Nuestro compañero de Vitaliza, Arturo Lecumberri, nos deleita con el siguiente artículo publicado en la revista Psicología y Mente:
Los seres humanos podemos parecer tremendamente complicados en lo que a nuestro mundo emocional se refiere.
Con más o menos frecuencia transitamos una amplia variedad de estados que van desde la ansiedad más arrolladora a la tristeza más profunda.
Sin embargo, si nos miramos con una visión amplia y transversal podemos decir que fundamentalmente somos dos cosas: genética y experiencia.
Venimos a este mundo con una carga genética que no elegimos y que nos acompaña durante todo nuestro camino. Ese temperamento heredado define la intensidad con la que reaccionamos a las diferentes vivencias durante la vida.
Hay personas que llevan consigo un sistema nervioso que se asemeja a una autovía alemana en la que no existe límite de velocidad y por la que puedes conducir a 200 km por hora, y personas con un sistema nervioso que reacciona al igual que un coche en una carretera comarcal por la que, salvo en una gran recta, no circulará a más de 80 km por hora.
La misma experiencia objetiva, por tanto, puede ser vivida con una reactividad emocional muy dispar en función de la genética que porta cada individuo.
Por otro lado tenemos la parte experiencial. Más allá de la genética, nuestra identidad, nuestro yo, se va a ir configurando a lo largo de toda la vida sumando experiencias que van a interactuar con ese temperamento heredado. Las experiencias que vivamos podrán ser así mismo de dos tipos: Emocionalmente reguladoras o desreguladoras.
De especial relevancia serán las experiencias de relación vividas en los primeros años de vida y sobre todo las que tienen que ver con la interacción con las figuras de apego (padre, madre o cuidador/a principal).
Estas primeras experiencias van a situar nuestro sistema emocional en un nivel de activación base desde el que se va a comenzar a vivir el entorno.
Si el entorno se vive desde un nivel de activación fisiológico-emocional regulado, el mundo será un lugar con la suficiente seguridad como para ser explorado. Por el contrario, si desde nuestra mas tierna infancia, en nosotros se instala un nivel de alerta, el mundo será un entorno amenazante en el que habrá que protegerse para no sufrir. Esta gestión del sufrimiento se muestra como una máxima en nuestra supervivencia emocional.
Los cerebros humanos están programados para reducir la angustia y buscar el bienestar, de tal manera que si a lo largo de nuestra historia tuvimos la mala suerte de vivir algunas “malas experiencias” o muchas de ellas, casi con total seguridad, nuestra mente desarrolló uno o varios mecanismos de defensa para encontrar la regulación que el entorno no nos permitía lograr.

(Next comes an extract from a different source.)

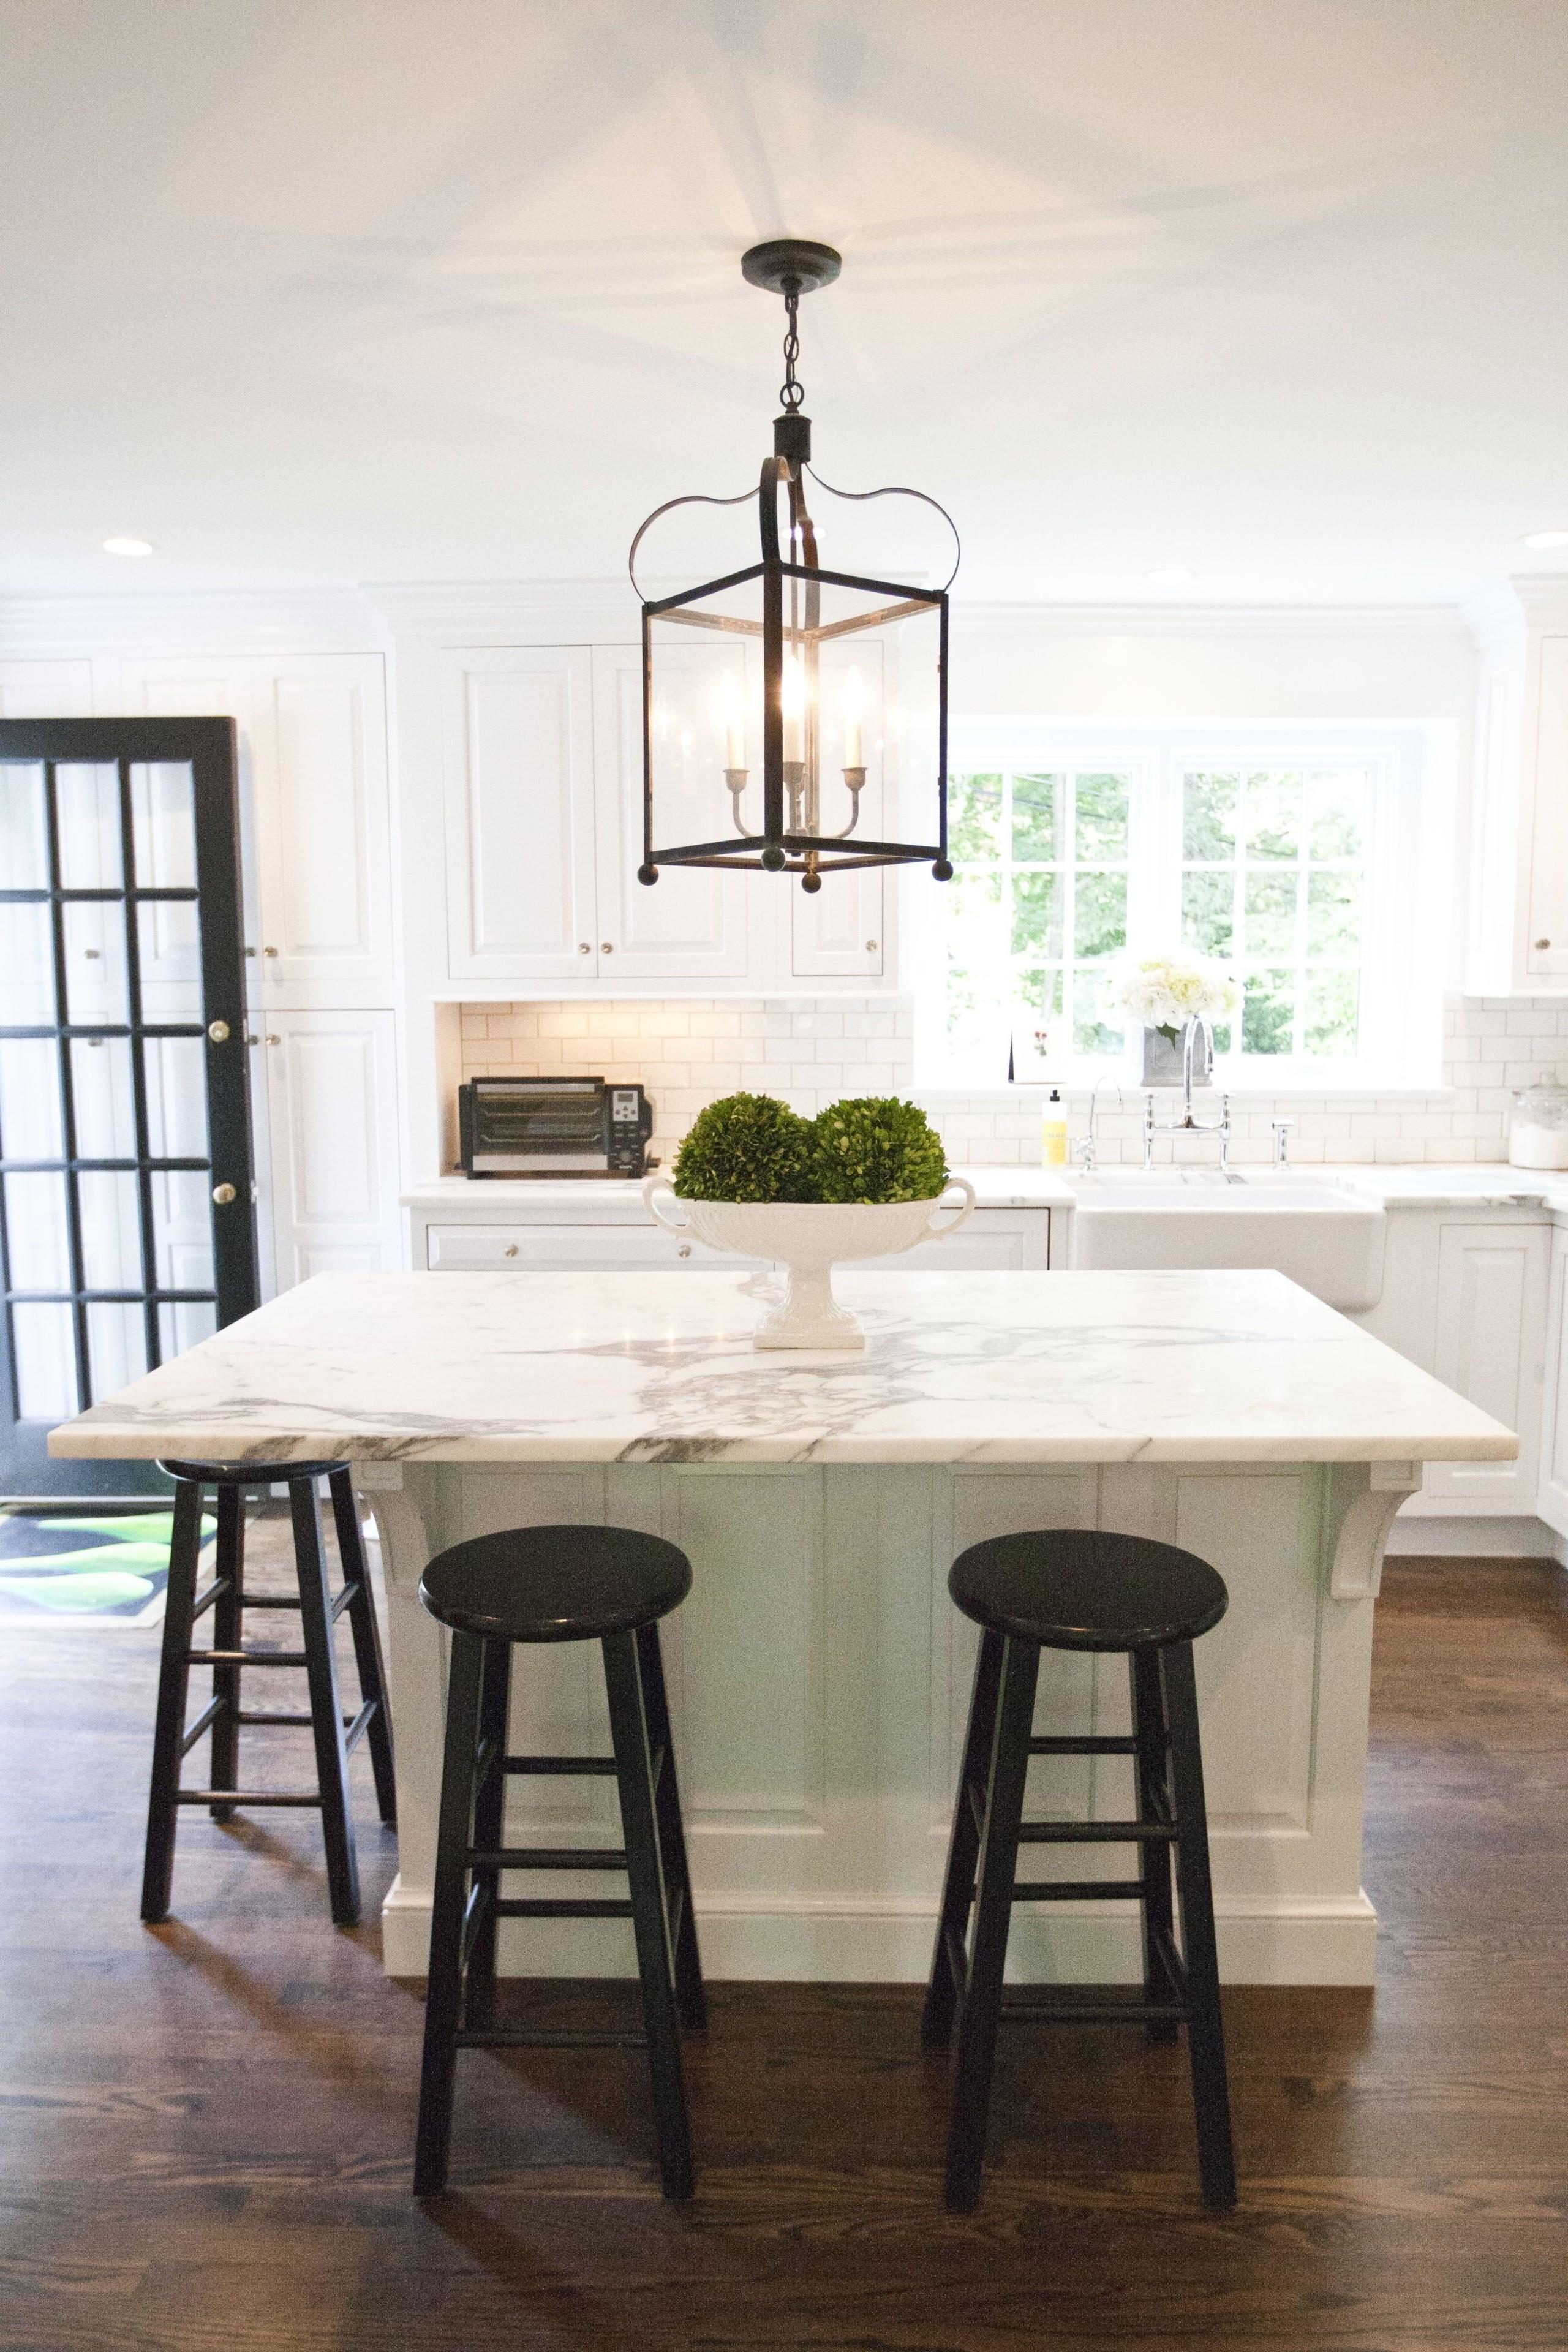 Attrayant Granite Kitchen Island With Seating

Para lidiar con el sufrimiento hay cerebros que desarrollan defensas de evitación y su alerta buscan en todo momento no contactar con aquello que les angustia, otros que desarrollan defensas de control y sueñan con dominar y planificar la totalidad del entorno, frustrándose a cada momento con la cruda realidad en la que casi nada es controlable. Otros cerebros utilizan las drogas para encontrar la regulación e incluso algunos cerebros desarrollan una herramienta llamada disociación con la que dejan fuera de la experiencia vital uno o varios recuerdos o incluso partes completas de la identidad de uno.
Muchos profesionales que abordan en sus consultas los mundos emocionales de sus pacientes, piensan que la esencia del sufrimiento y por consiguiente de la consecución del bienestar radica en las experiencias concretas que vivieron estas personas en el pasado y de su eco o resonancia en su momento presente.
Aportaría aquí un cambio de mirada que creo que con lo expuesto en las líneas anteriores puede tener sentido: no debemos de dar excesiva importancia a lo concreto vivido sino a esos mecanismos que se levantaron para gestionar el dolor y que fueron los únicos que cada uno pudimos encontrar para sobrevivir emocionalmente a nuestra propia historia.
Son esas herramientas las que seguimos utilizando hoy en día y es con ellas con las que nuestra mente emocional se engaña creyendo ser la persona que éramos cuando los eventos generadores de angustia sucedieron, y anulando otro tipo de herramientas reguladoras que sí que podemos poner a nuestra disposición en nuestro momento actual.
Para poder disponer de todo nuestro potencial regulador, la experiencia clínica nos indica que es importante, entre otras, desarrollar la capacidad de ser conscientes de nosotros mismos, de nuestra historia y de nuestros recursos, además de mirarnos con la aceptación y compasión de quien sabe que es hijo/a de su historia y que no tuvo la oportunidad de elegir gran parte de ella, que está misma historia en interacción constante con su temperamento le ha legado sus fortalezas y sus fragilidades, humanas todas ellas, enriquecedoras y dignas de ser vividas.
Autor: Arturo Lecumberri Martínez, Psicólogo General Sanitario y miembro de Vitaliza.